● TASK:
Reproduce the full listing below exactly. Do not include the pictures.

● DATA EXTRACT:
======

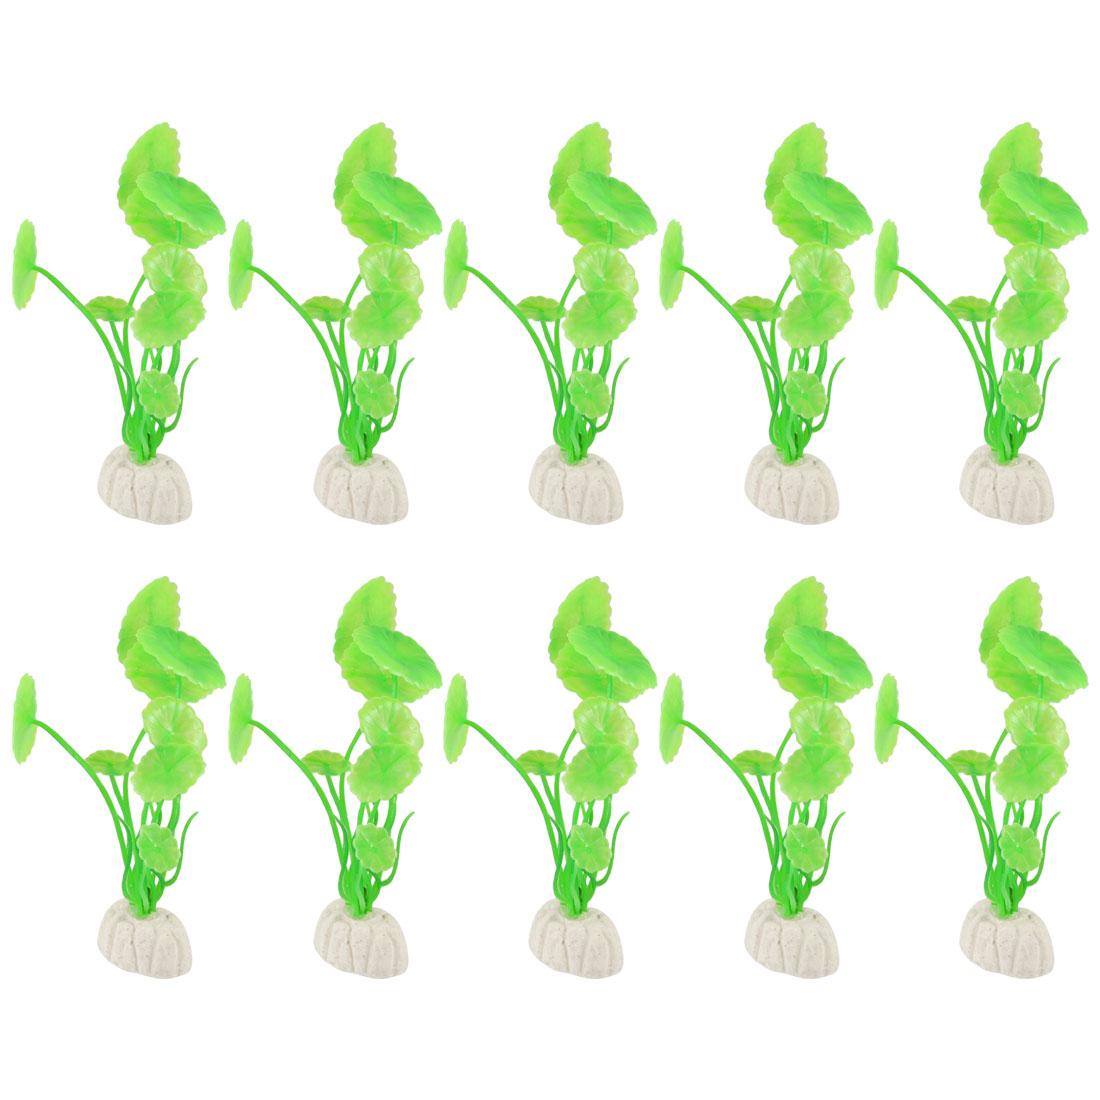 "10 Pcs 4.3"" Height Plastic Green Lotus Leaves Shaped Water Plants for Fish Tank Aquarium"
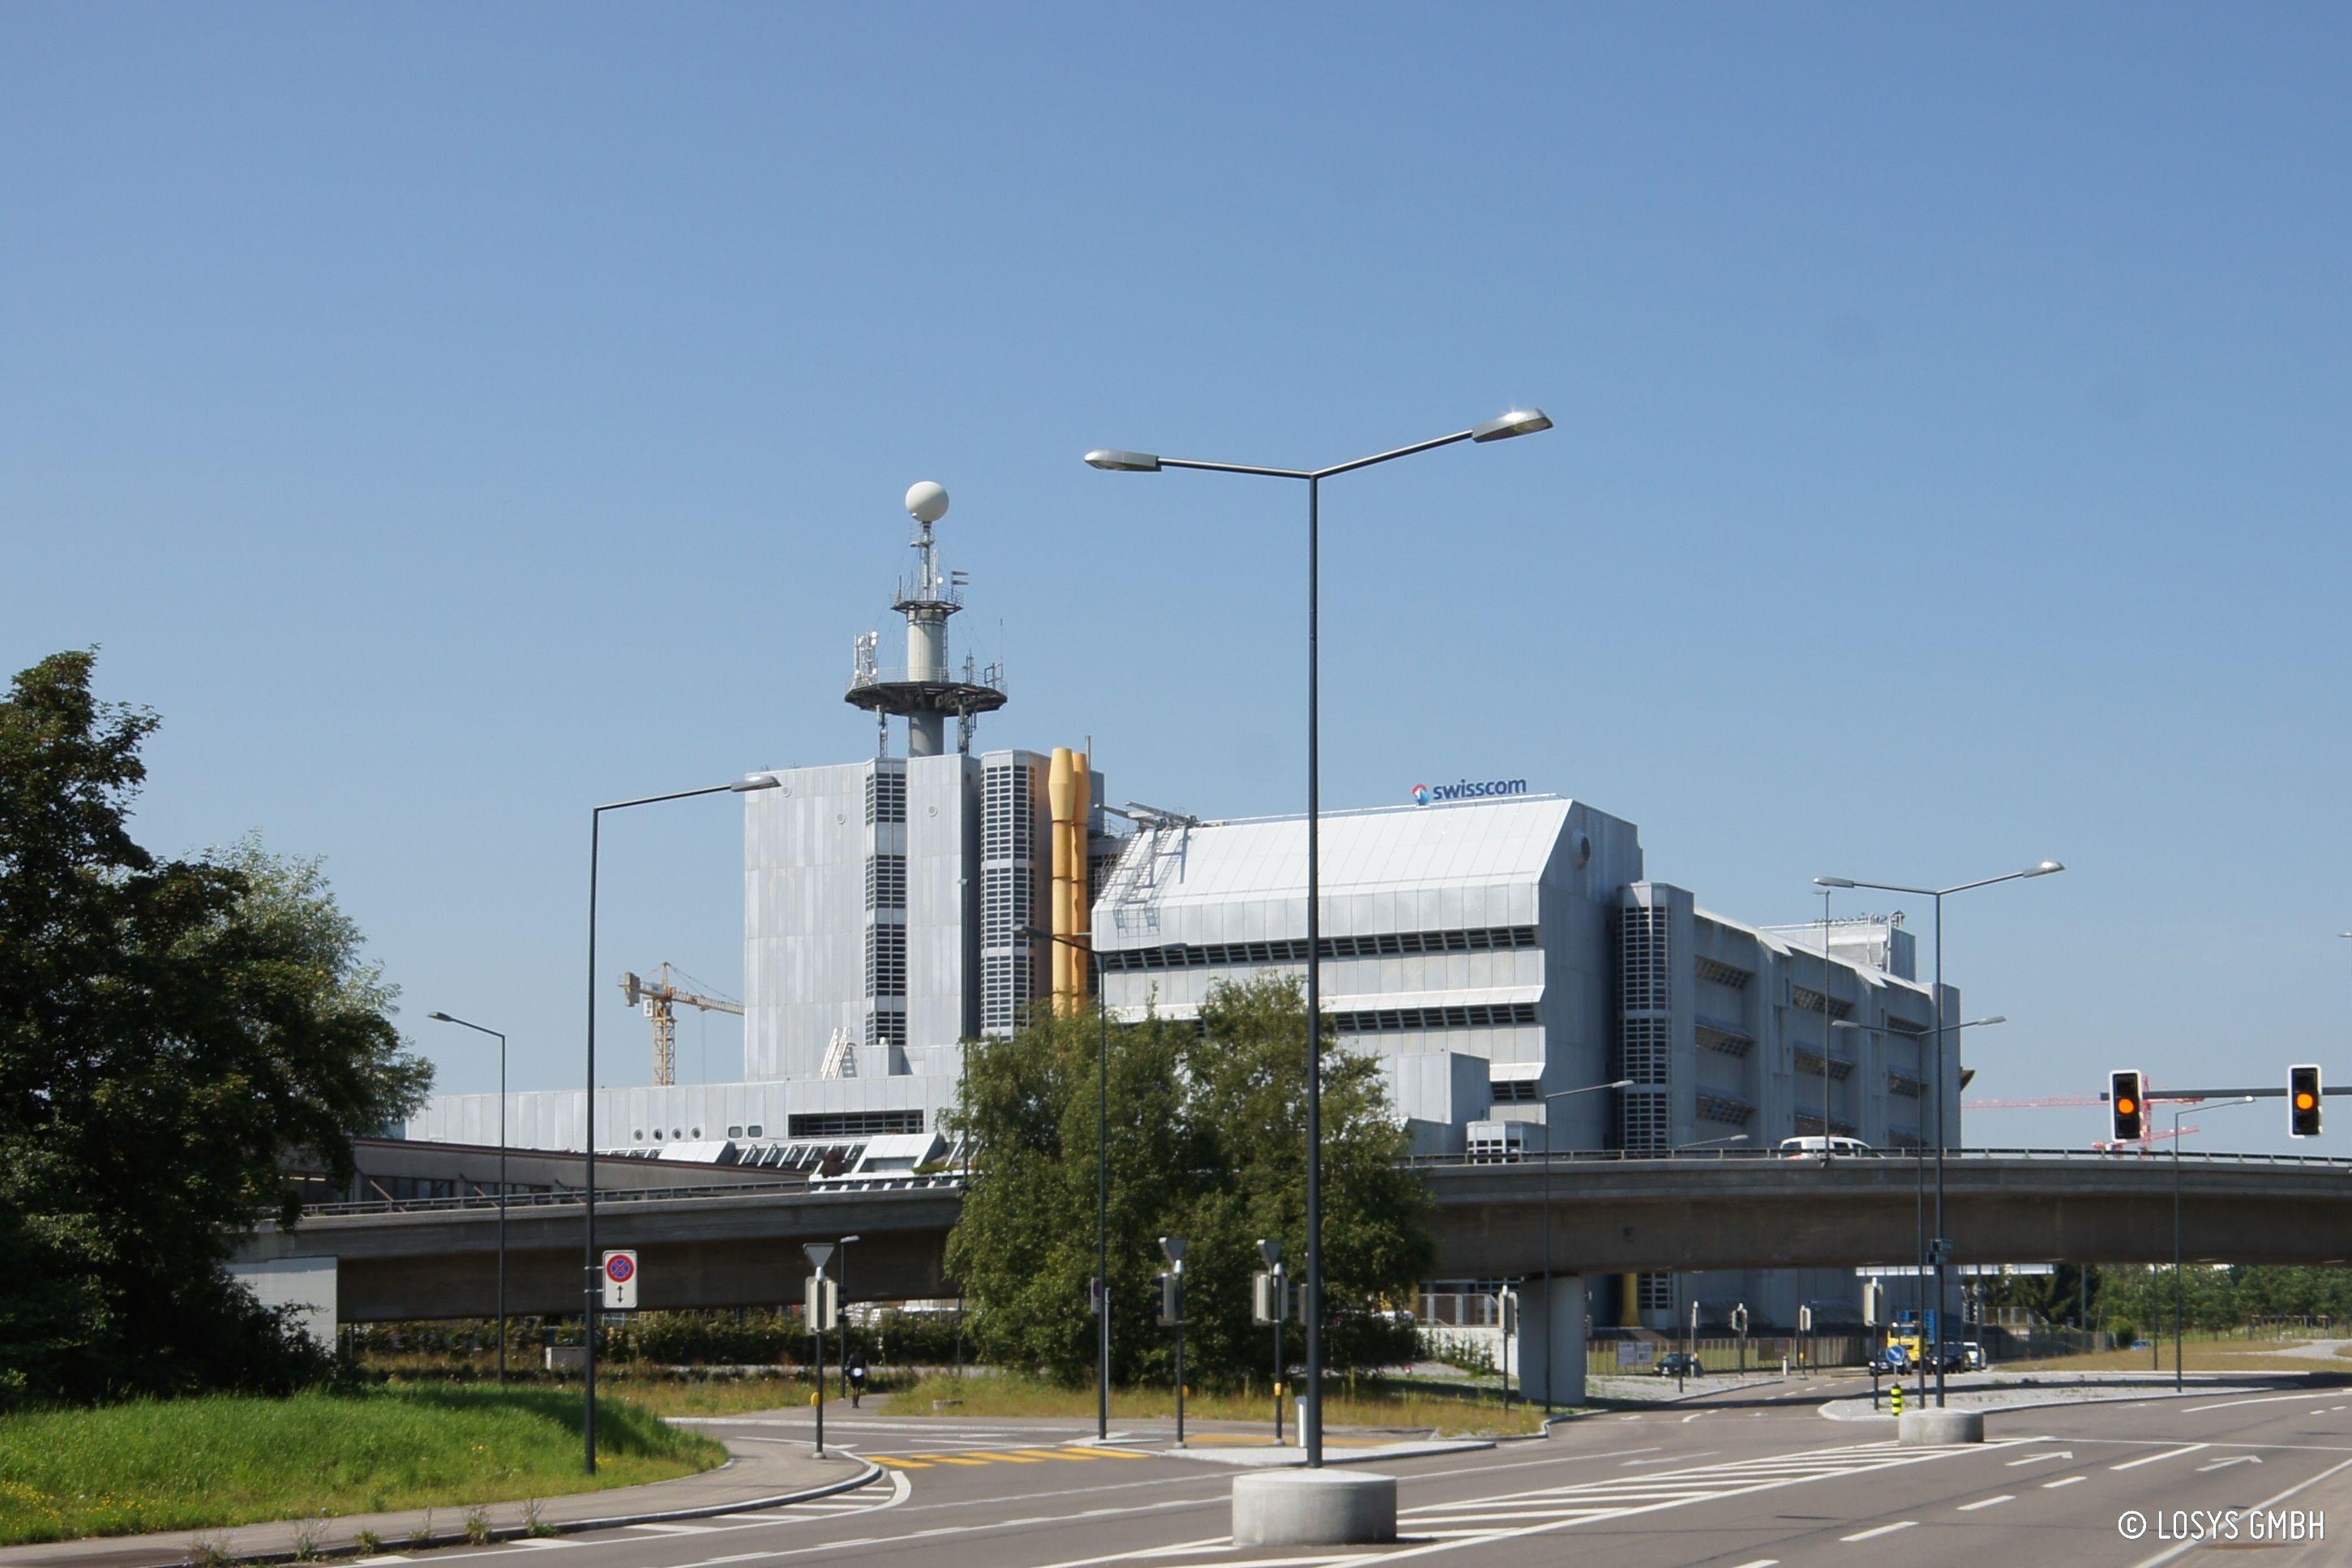 Rechenzentrum Swisscom Herdern
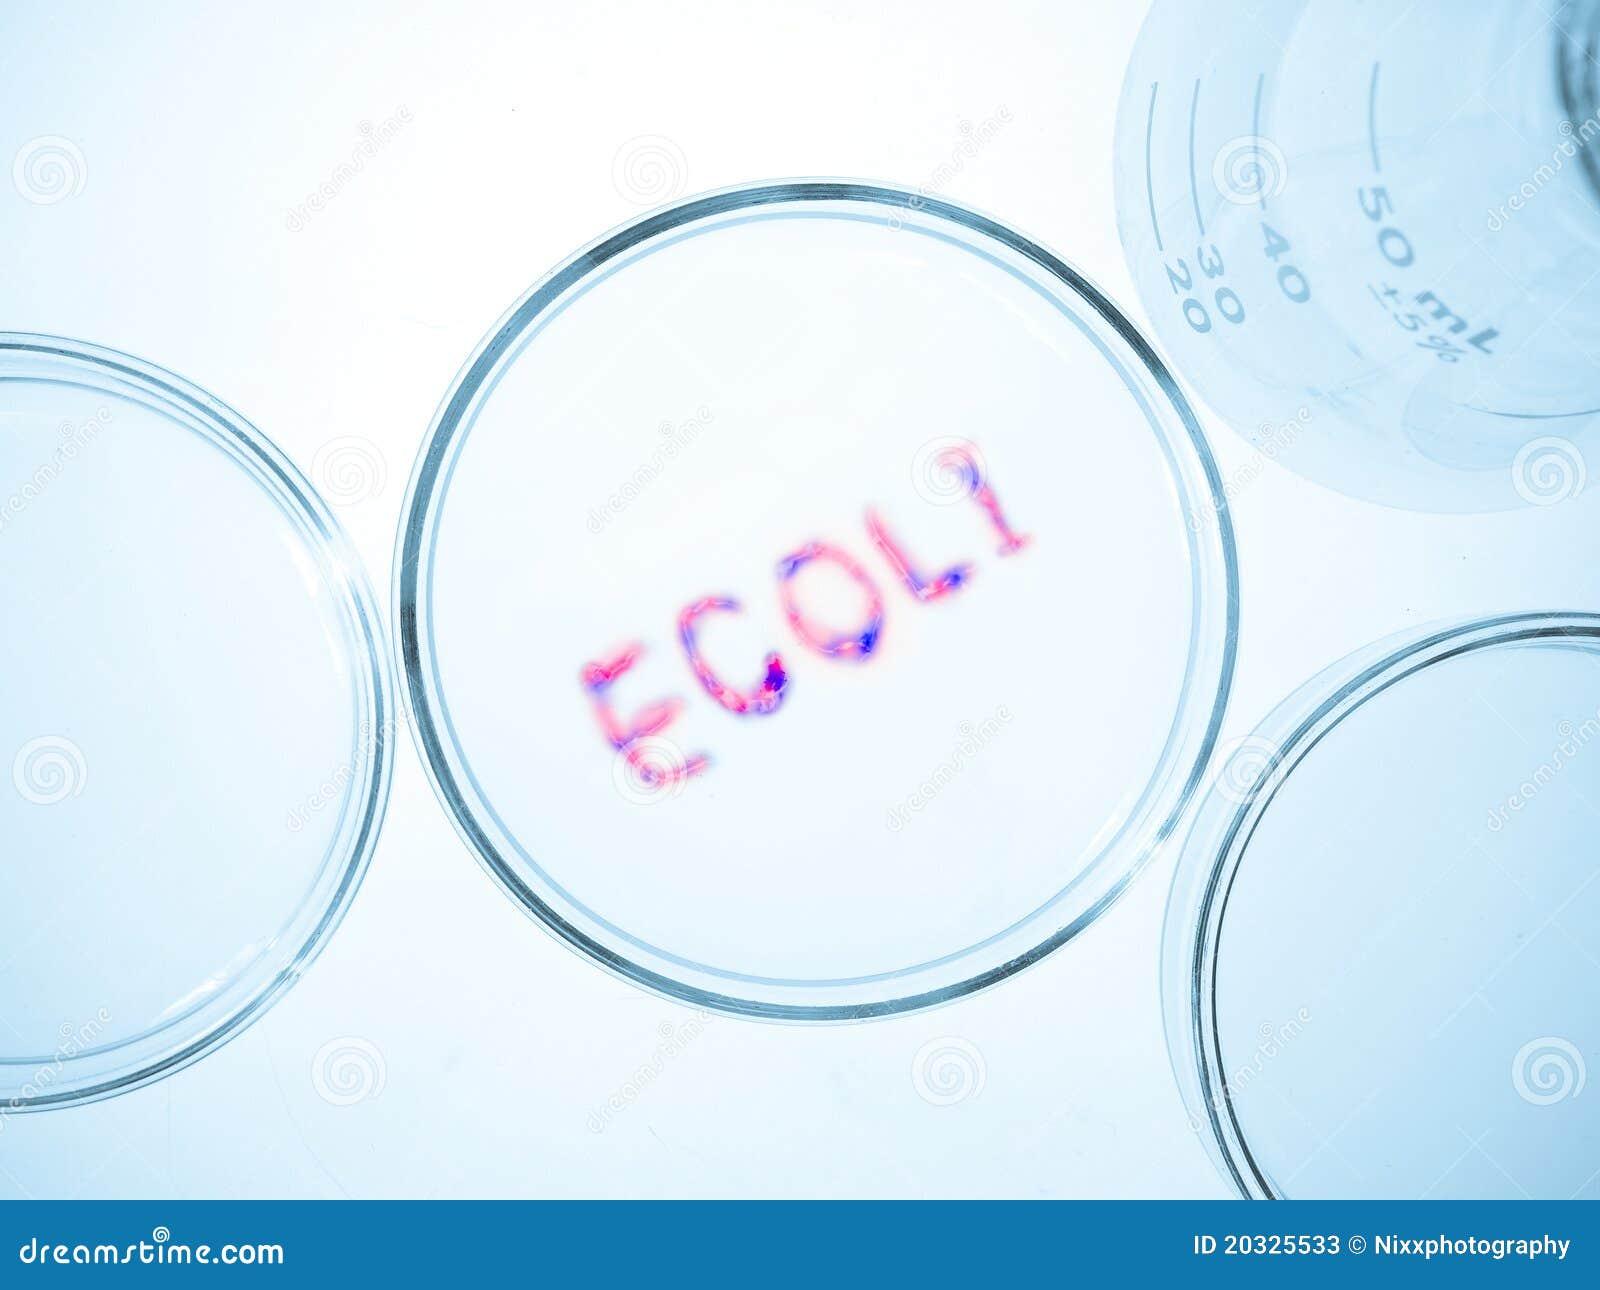 how to make glycerol ecoli stock

======

● YOUR RESPONSE:
 "10 Pcs 4.3"" Height Plastic Green Lotus Leaves Shaped Water Plants for Fish Tank Aquarium"
 Rechenzentrum Swisscom Herdern
 how to make glycerol ecoli stock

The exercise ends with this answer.